Algorithm A is better than B, using a measure of either time, space, or accuracy, could mean:

  • the worst case of A is better than the worst case of B; or
  • A works better in practice, or the average case of A is better than the average case of B, where you average over typical problems; or
  • you characterize the class of problems for which A is better than B, so that which algorithm is better depends on the problem; or
  • for every problem, A is better than B.

The worst-case asymptotic complexity is often the easiest to show, but it is usually the least useful. Characterizing the class of problems for which one algorithm is better than another is usually the most useful, if it is easy to determine which class a given problem is in. Unfortunately, this characterization is usually very difficult.

Characterizing when one algorithm is better than the other can be done either theoretically using mathematics or empirically by building implementations. Theorems are only as valid as the assumptions on which they are based. Similarly, empirical investigations are only as good as the suite of test cases and the actual implementations of the algorithms. It is easy to disprove a conjecture that one algorithm is better than another for some class of problems by showing a counterexample, but it is much more difficult to prove such a conjecture.

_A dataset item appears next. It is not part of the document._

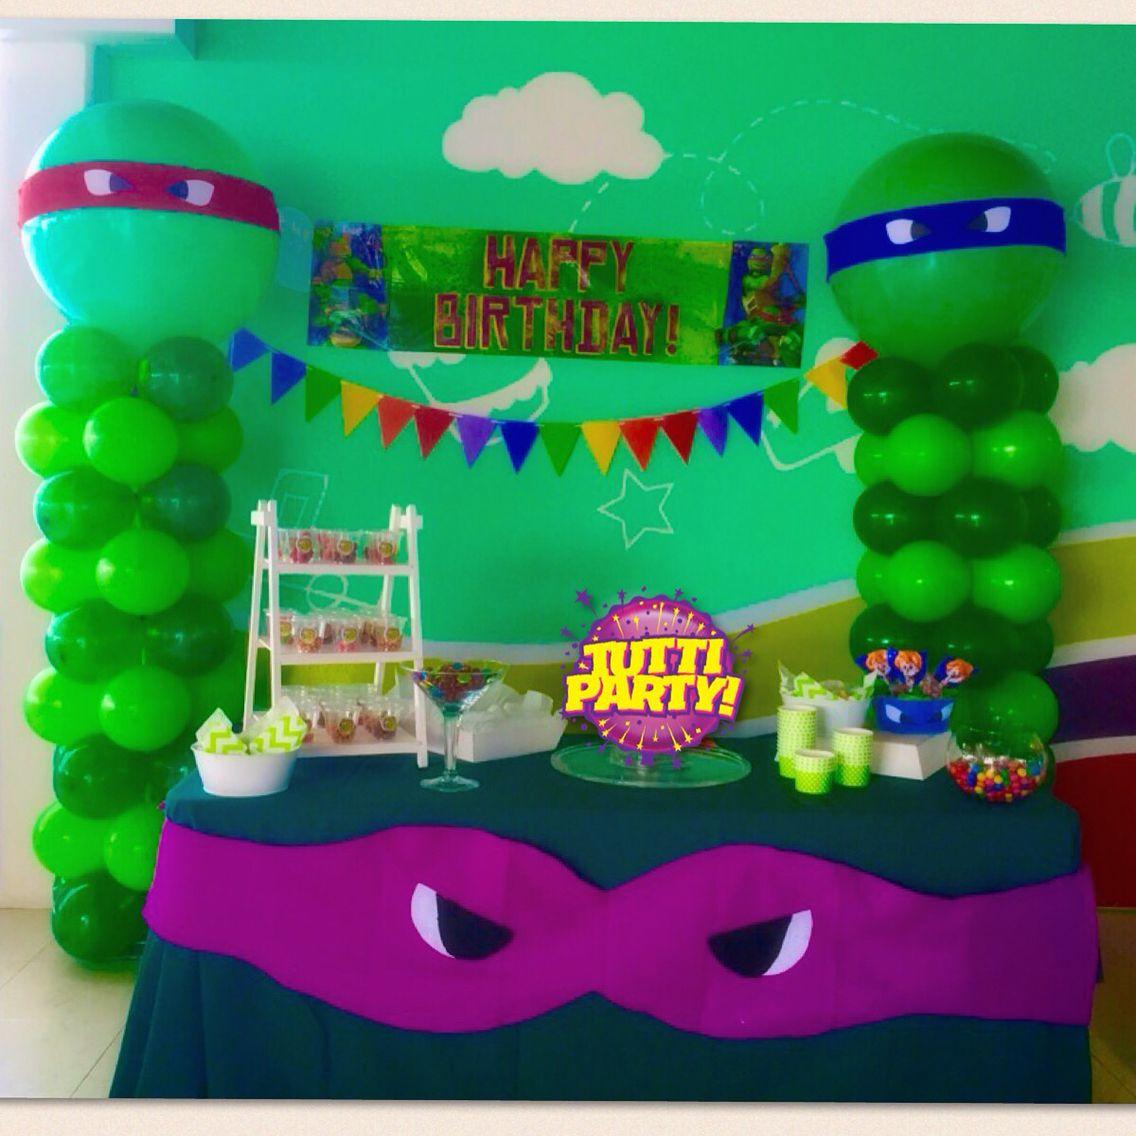 Tenage Mutant Ninja Turtles Balloons Decorations Tmnt Party Ideas Bis B Ninja Turtles Birthday Party Tmnt Birthday Teenage Mutant Ninja Turtles Birthday Party

If there is a solution on the first branch searched, then the time complexity is linear in the length of the path; it considers only those elements on the path, along with their siblings. The worst-case complexity is infinite. Depth-first search can get trapped on infinite branches and never find a solution, even if one exists, for infinite graphs or for graphs with loops. If the graph is a finite tree, with the forward branching factor bounded by b and depth n, the worst-case complexity is O(bn).


figures/ch03/delgr-cyclic.png
Figure 3.6: A graph, with cycles, for the delivery robot domain. Edges of the form X <--> Y means there is an arc from X to Y and an arc from Y to X. That is, ⟨X,Y⟩ ∈A and ⟨Y,X⟩ ∈A.

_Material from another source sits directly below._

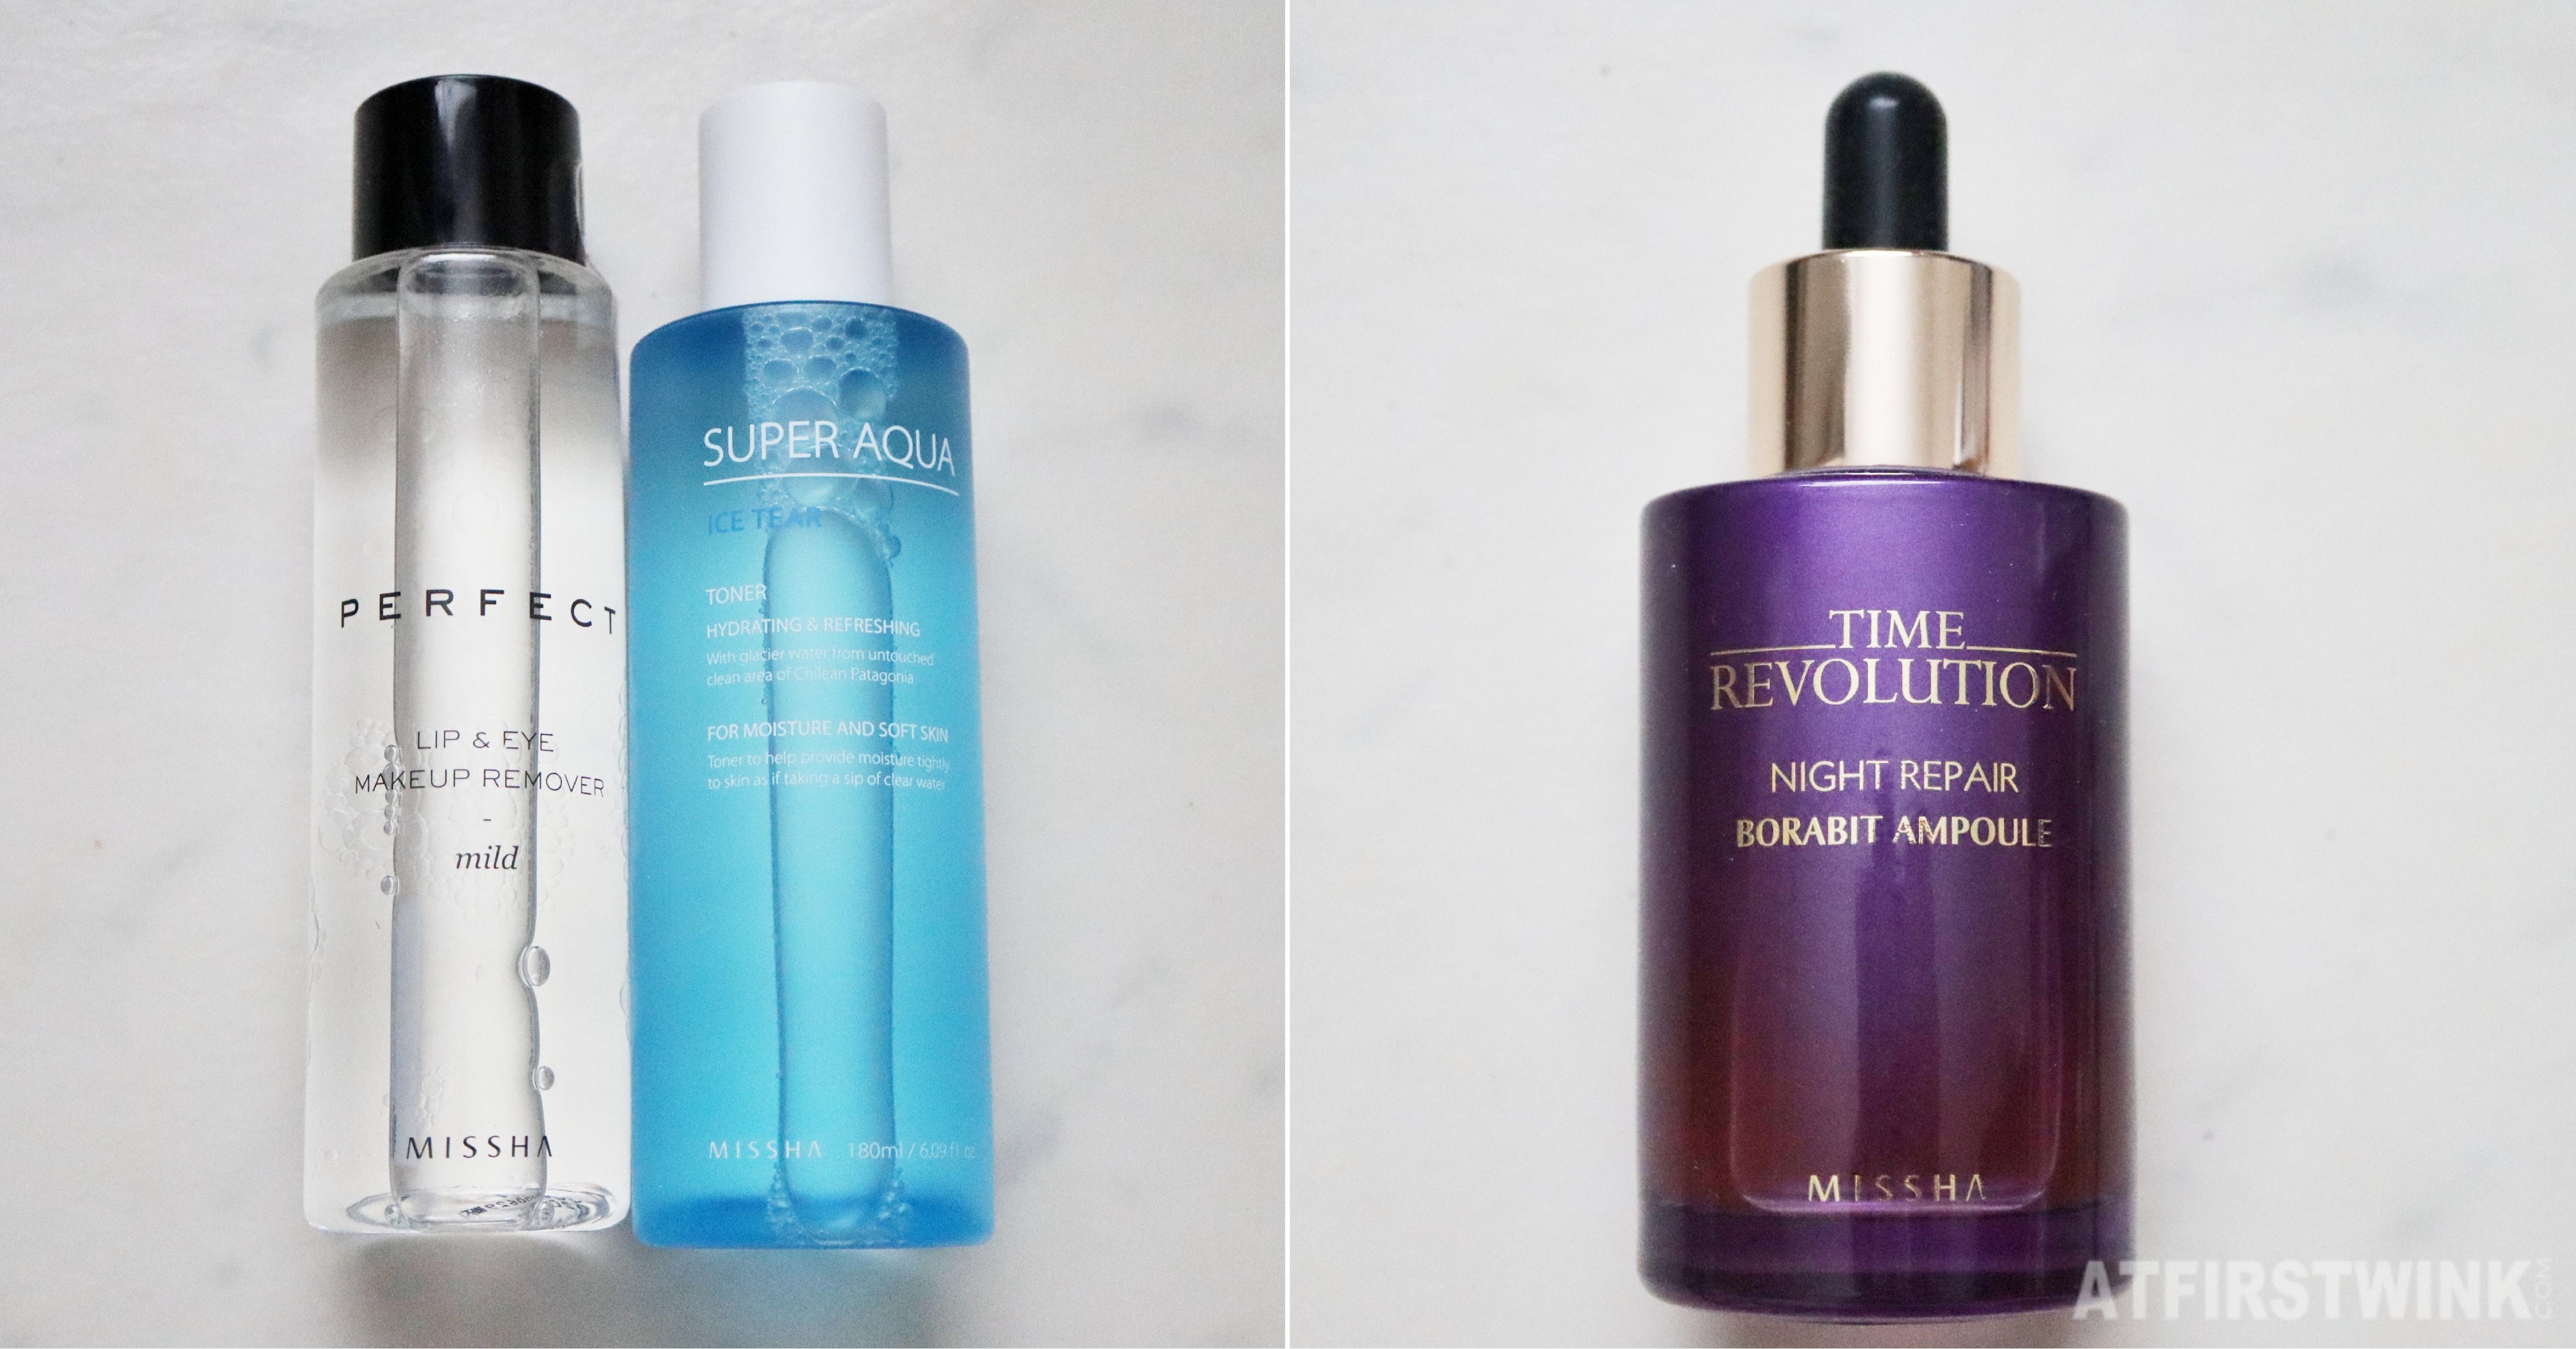 Missha time revolution night repair borabit ampoule super aqua ice tear toner perfect lip and eye remover

Example 3.8: Consider a modification of the delivery graph, in which the agent has much more freedom in moving between locations. The new graph is presented in Figure 3.6. An infinite path leads from ts to mail, back to ts, back to mail, and so forth. As presented, depth-first search follows this path forever, never considering alternative paths from b3 or o109. The frontiers for the first five iterations of the path-finding search algorithm using depth-first search are
[⟨o103⟩]
[⟨o103,ts⟩, ⟨o103,b3⟩, ⟨o103,o109⟩]
[⟨o103,ts,mail⟩, ⟨o103,ts,o103⟩, ⟨o103,b3⟩, ⟨o103,o109⟩]
[⟨o103,ts,mail,ts⟩, ⟨o103,ts,o103⟩, ⟨o103,b3⟩, ⟨o103,o109⟩]
[⟨o103,ts,mail,ts,mail⟩, ⟨o103,ts,mail,ts,o103⟩, ⟨o103,ts,o103⟩,
      ⟨o103,b3⟩, ⟨o103,o109⟩]

Depth-first search can be improved by not considering paths with cycles.

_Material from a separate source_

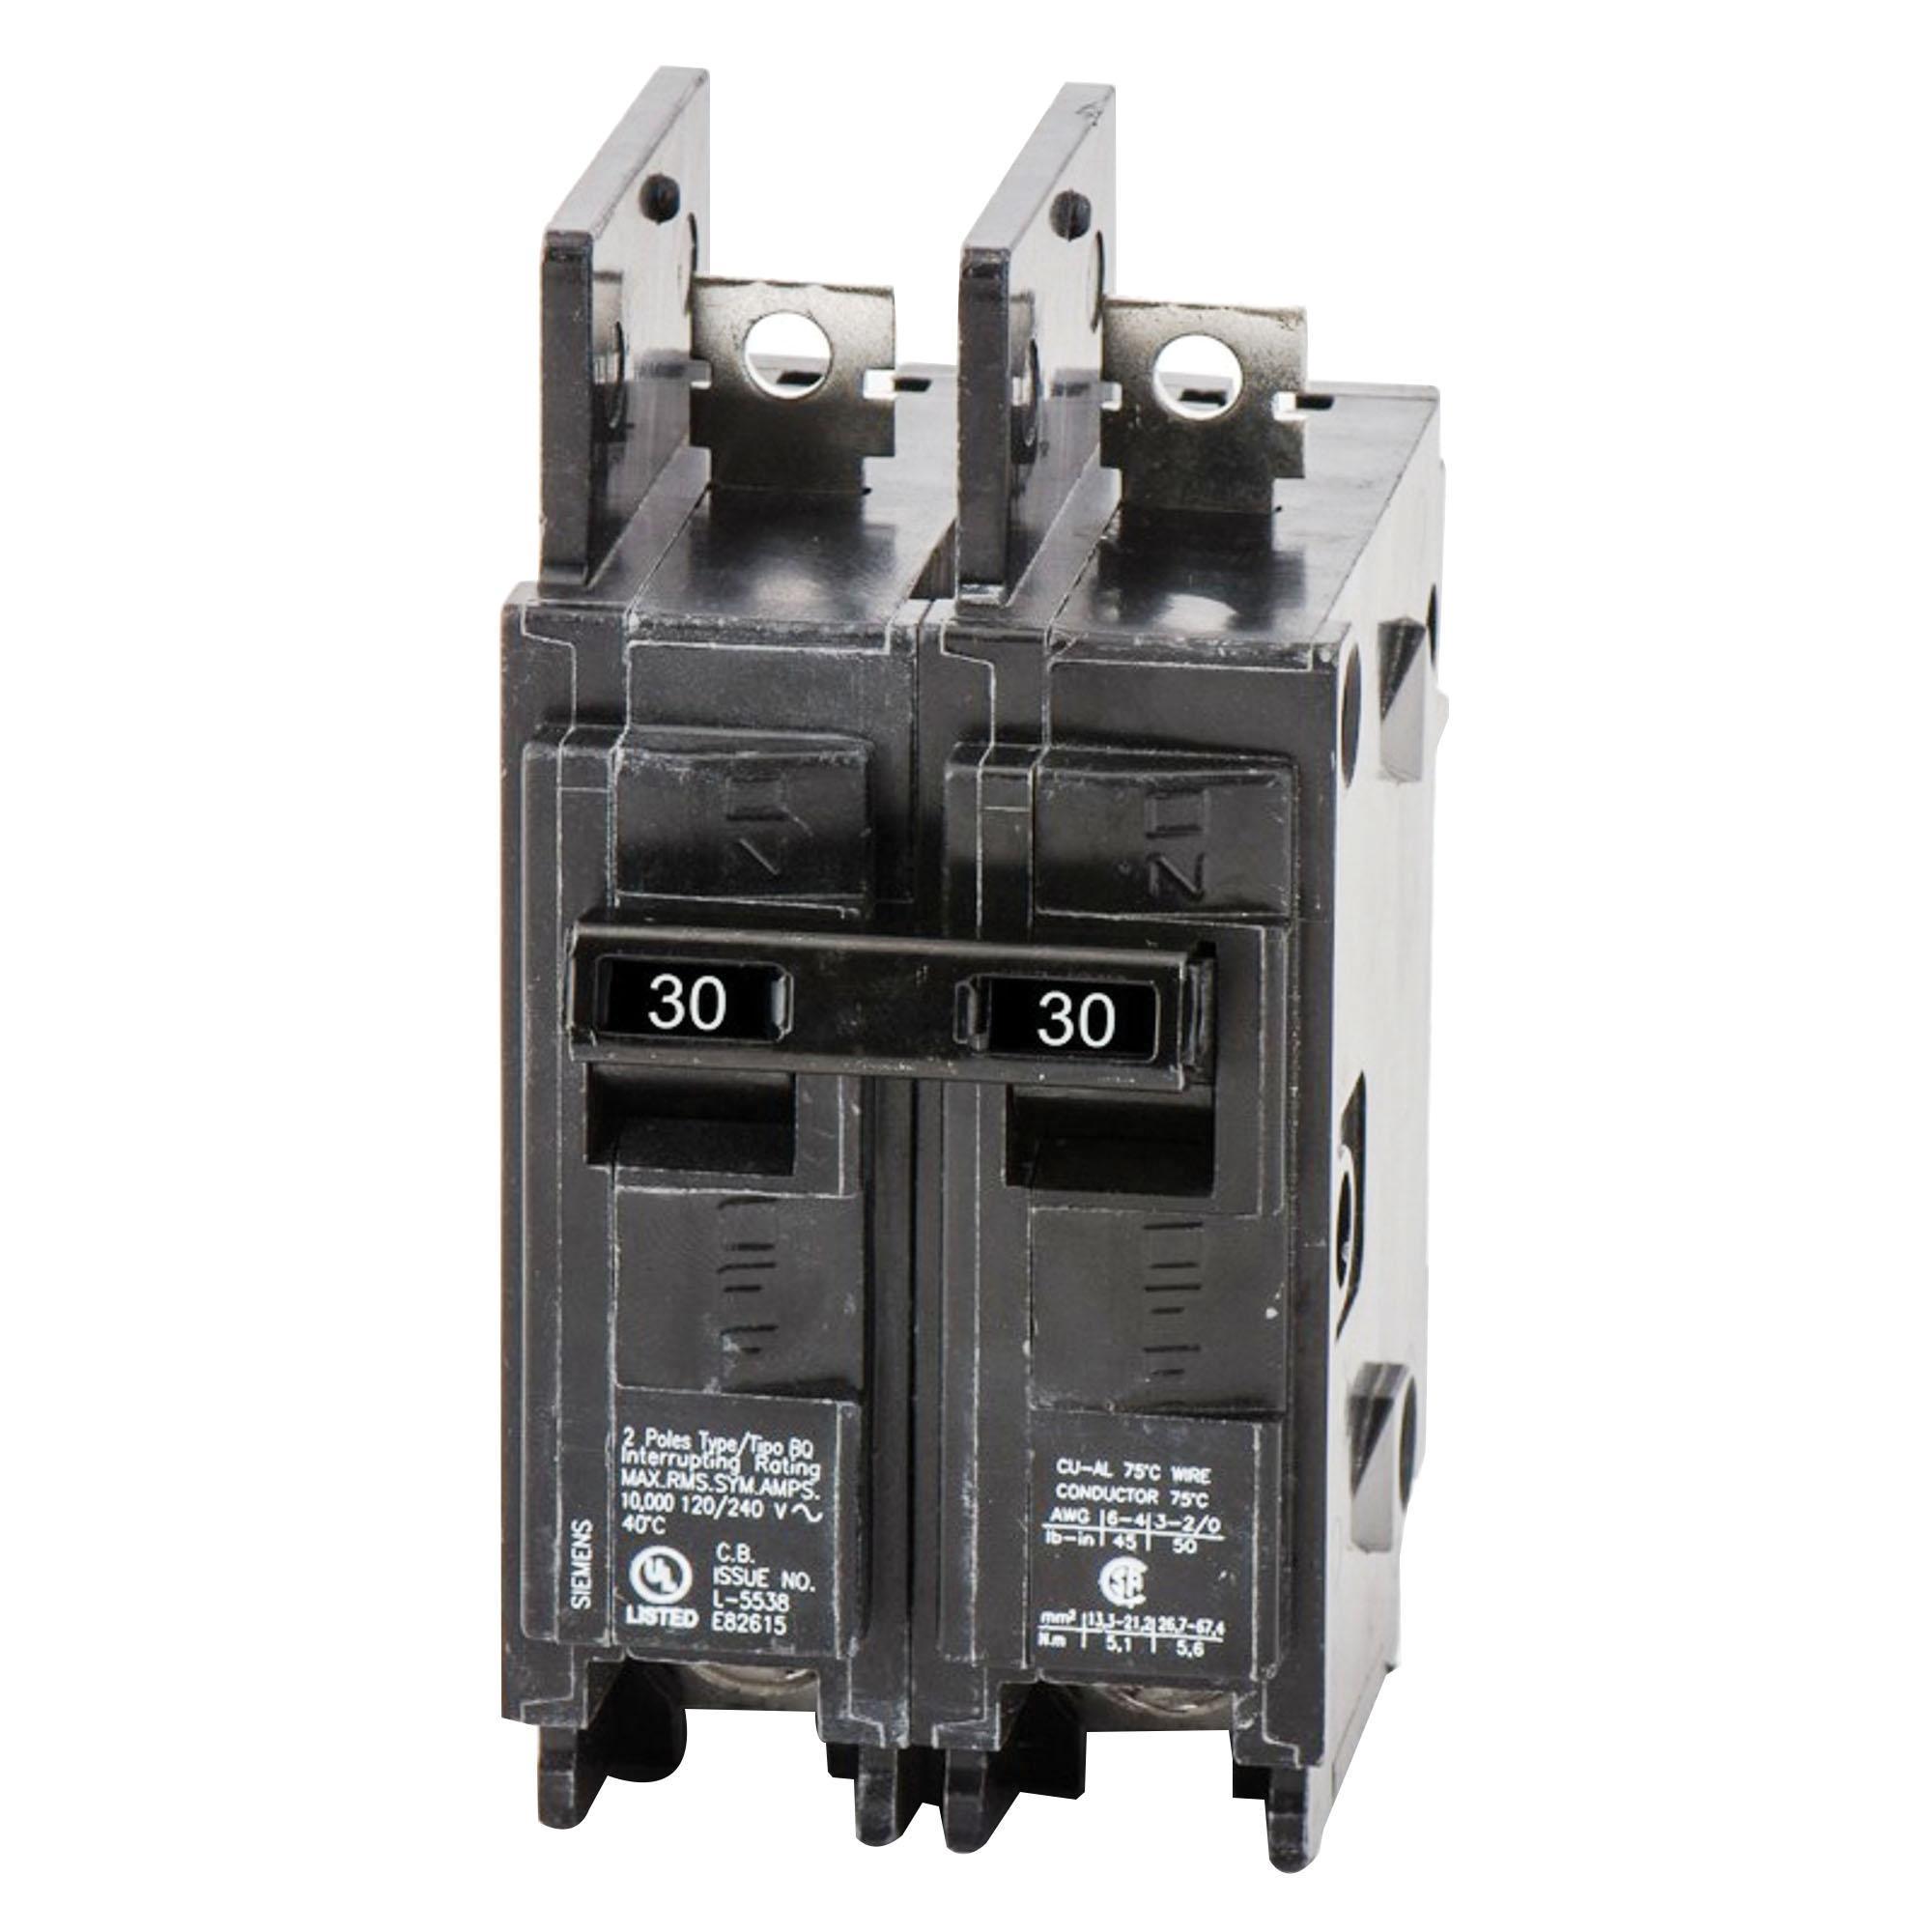 siemens bq2b030 bolt-on mount type bq molded case circuit breaker 2-pole 30- amp 120/240-volt ac - molded case circuit breakers - breakers and fuses -  power

Because depth-first search is sensitive to the order in which the neighbors are added to the frontier, care must be taken to do it sensibly. This ordering can be done statically (so that the order of the neighbors is fixed) or dynamically (where the ordering of the neighbors depends on the goal).

Depth-first search is appropriate when either

  • space is restricted;
  • many solutions exist, perhaps with long path lengths, particularly for the case where nearly all paths lead to a solution; or
  • the order of the neighbors of a node are added to the stack can be tuned so that solutions are found on the first try.

It is a poor method when

  • it is possible to get caught in infinite paths; this occurs when the graph is infinite or when there are cycles in the graph; or
  • solutions exist at shallow depth, because in this case the search may look at many long paths before finding the short solutions.

Depth-first search is the basis for a number of other algorithms, such as iterative deepening.